Приходим, говорит, утром – пусто, никого нет, двери нараспашку. Дом обыскали, по всем сусекам полазили – кроме постельного белья, да шмоток, ничего. Ух, и бесились мои недоумки, ух и матерились, и я вместе с ними, для виду. Думал, пережду день-два, а не вышло. На завтра пришла машина, приказ, и вперед, ребята! Так и бросил, до сего времени.
Петя ведь у меня, Юрочка, контуженный. Большая-то война на том не закончилась. Перебросили его на запад, куда-то к Польше или Германии, в сильное сражение попал. Оглушило, землей засыпало. Два осколка до сих пор. Держится на людях, а так-то инвалид самый настоящий.
На днях рассказывает, что мол, неожиданно от тебя, Оля, узнал, что ты именно сюда летом к подружкам приезжаешь, в это самое место. Подлинно, говорит, изумился. Вот, значит, как карта легла – знак мне, что целёхонек мой клад; хоть и много лет прошло, но должен я его взять. За тем и приехал. Ты, Олечка, просит, не болтай чего лишнего. Пусть и давнее дело, держи при себе.
Пойми, Юрочка, Петя единственный мой любимый брат. Обмануть его не могу. Тебе вот только доверилась – сама не знаю почему. Паренек ты душевный. Уж, будь другом, не донеси никому. Оно ведь и значения-то никакого сейчас не имеет.

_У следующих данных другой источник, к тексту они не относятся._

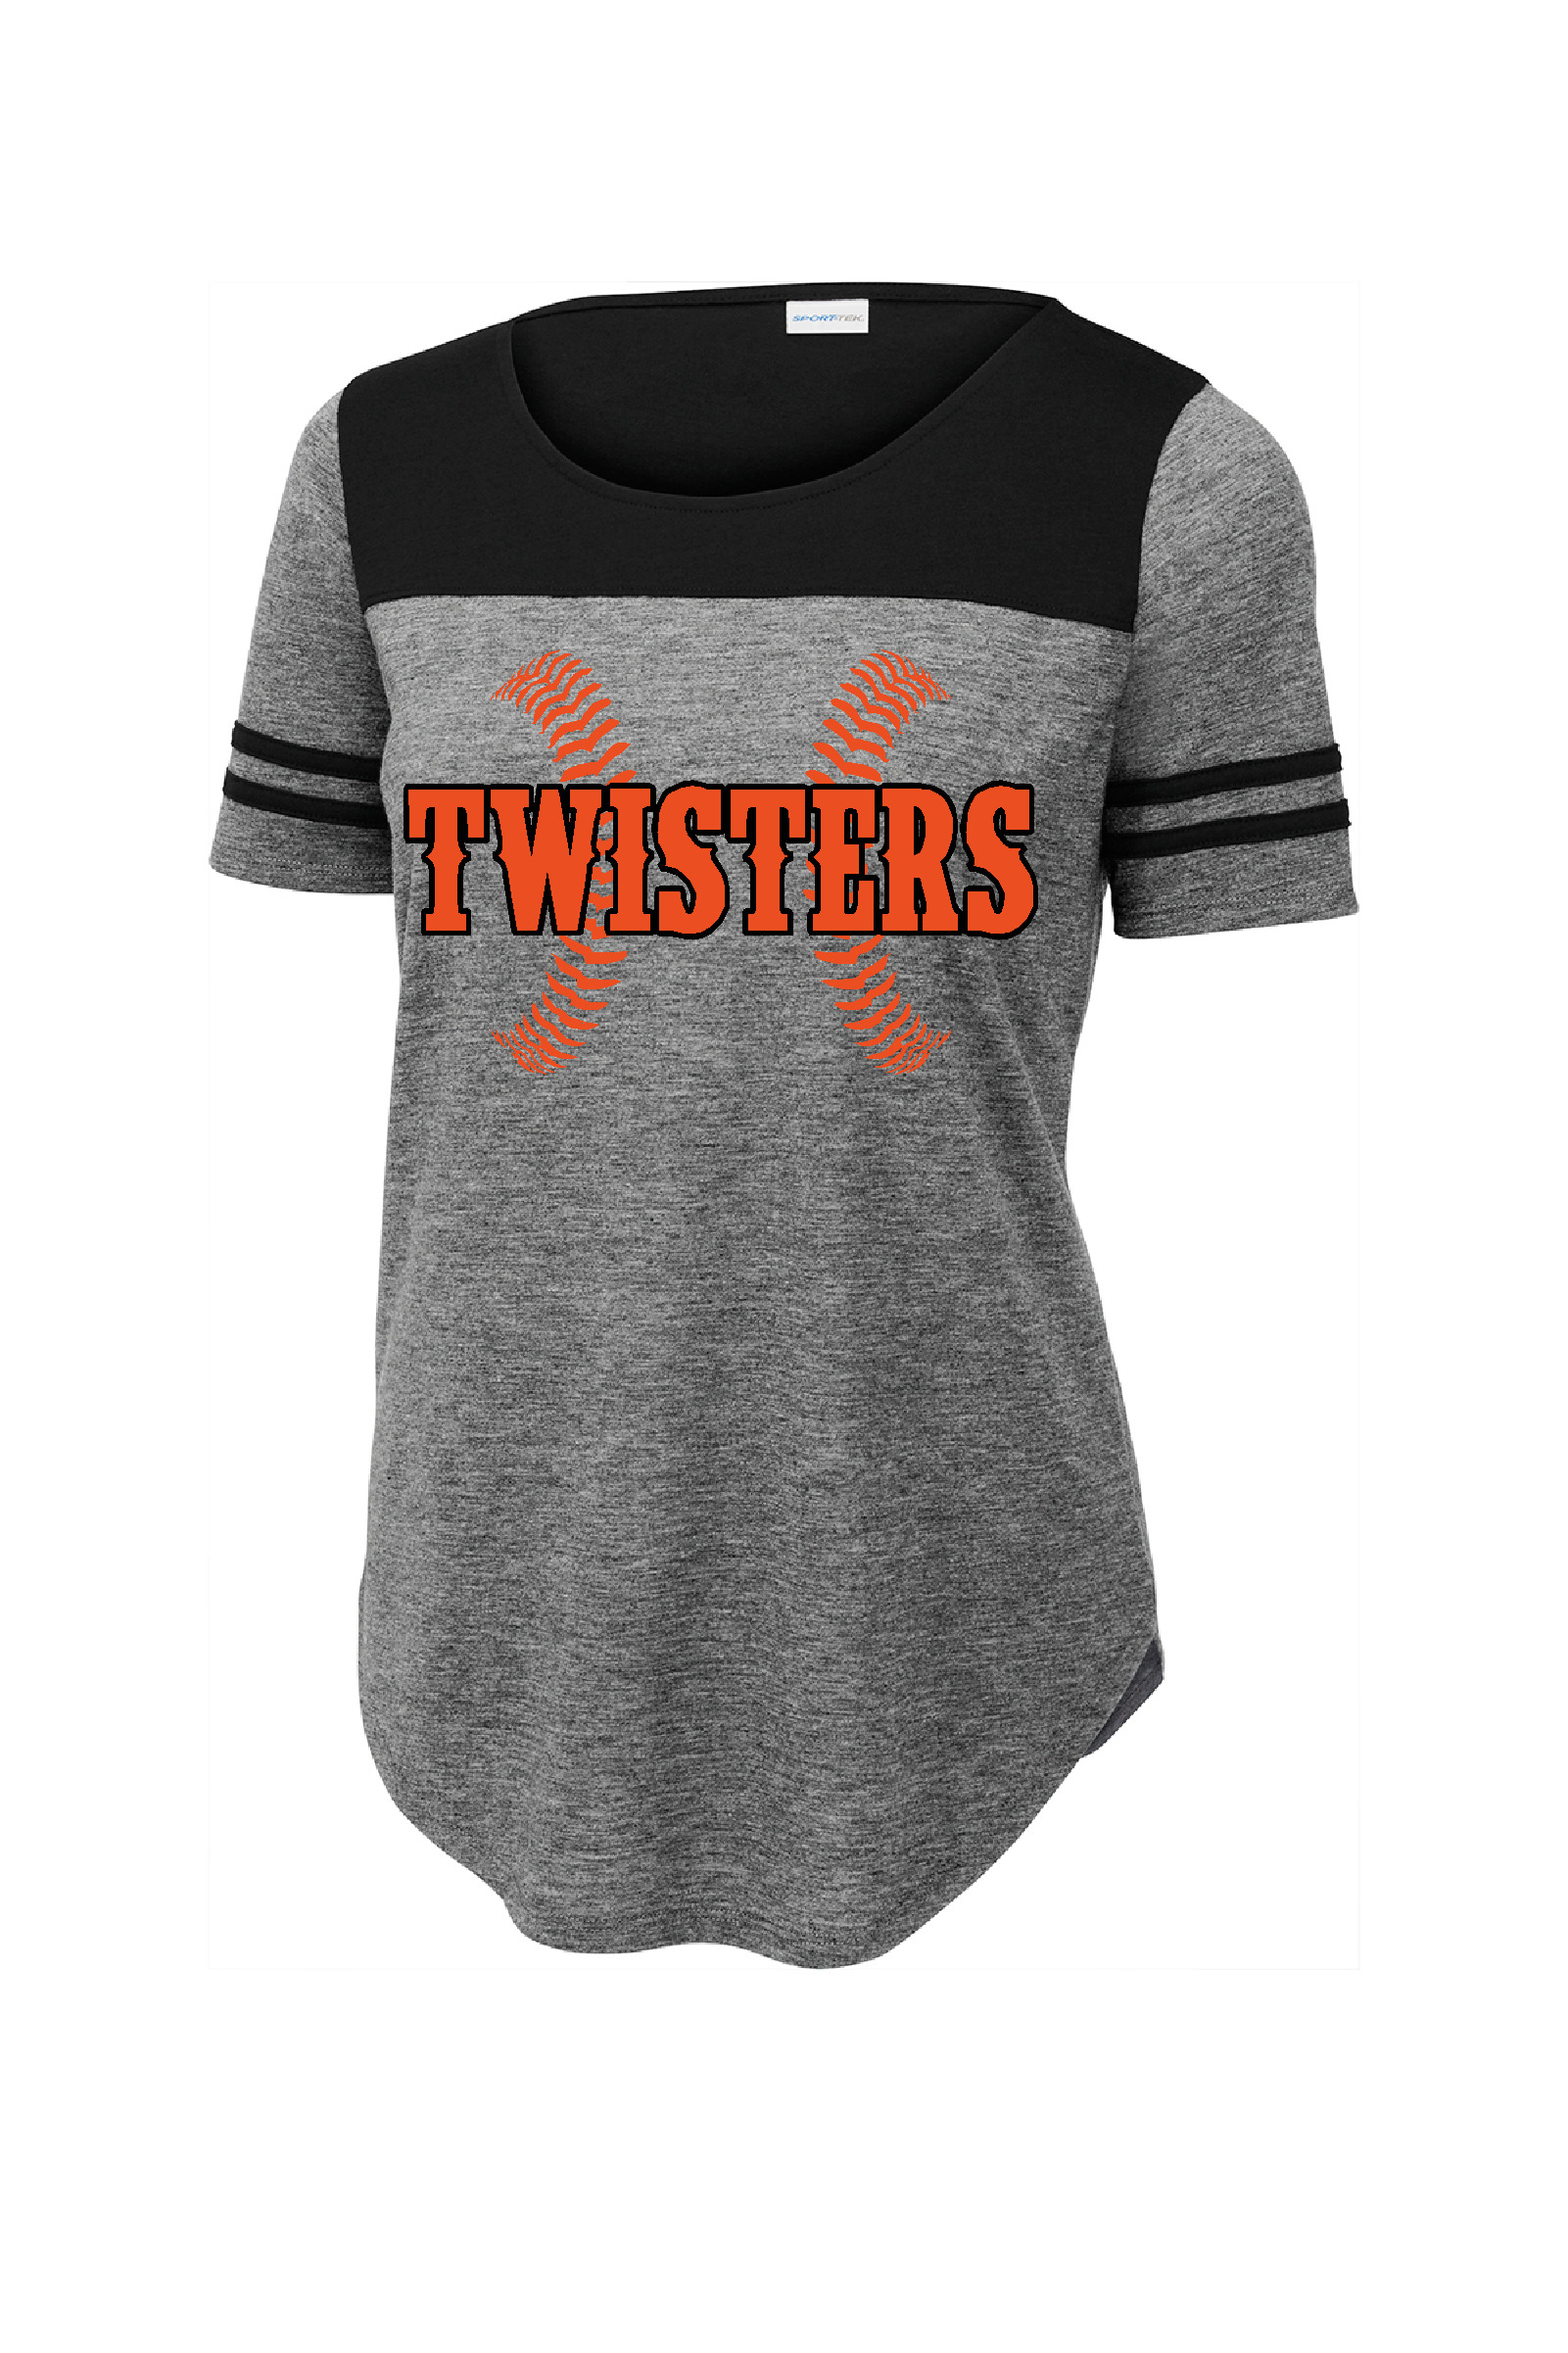 Twisters Ladies Fan Tee – LogoWorks Design

Юрка говорит: я даже по груди себя стукнул и поклялся: Могила!
– Тут же нам все и выложил – хихикнула Рита.
Покраснел Юрка: Так вы ж друзья. И я задание выполнял.
Все смотрели на Вавку, как на некое божество. Он выдержал паузу, оглядел нас по очереди, и с достоинством произнес: Я же вам объяснял…а некоторые иногда бурчат – сочиняет Вавка, фантазирует. Ладно. Нам важно застукать Федулыча за делом, в смысле, когда в тайник полезет. Завтра встречаемся здесь, в девять утра и дежурства распределим. Хотя за каждым шагом этого злодея уследить трудновато.
– Ну и что делать, если при мне, например, полезет? – спросила Ритка.
– Ничего не надо особенного делать. Доложить. Сразу всех собрать. Идем к нему и заявляем – при свидетелях! – что всё видели, можем и сообщить куда надо. Дальше видно будет.
Но на следующее утро, восьми часов еще не было, Юрка примчался, запыхавшись, к Вавке – а тот уже на ногах, возбуждён – и выкладывает новость: Ольга сказала, Петя на утреннем поезде уехал.
– Так-так. Вот же черт! Значит, успел у тайника побывать, поздно вечером или ночью. Зови остальных, встречаемся у бани.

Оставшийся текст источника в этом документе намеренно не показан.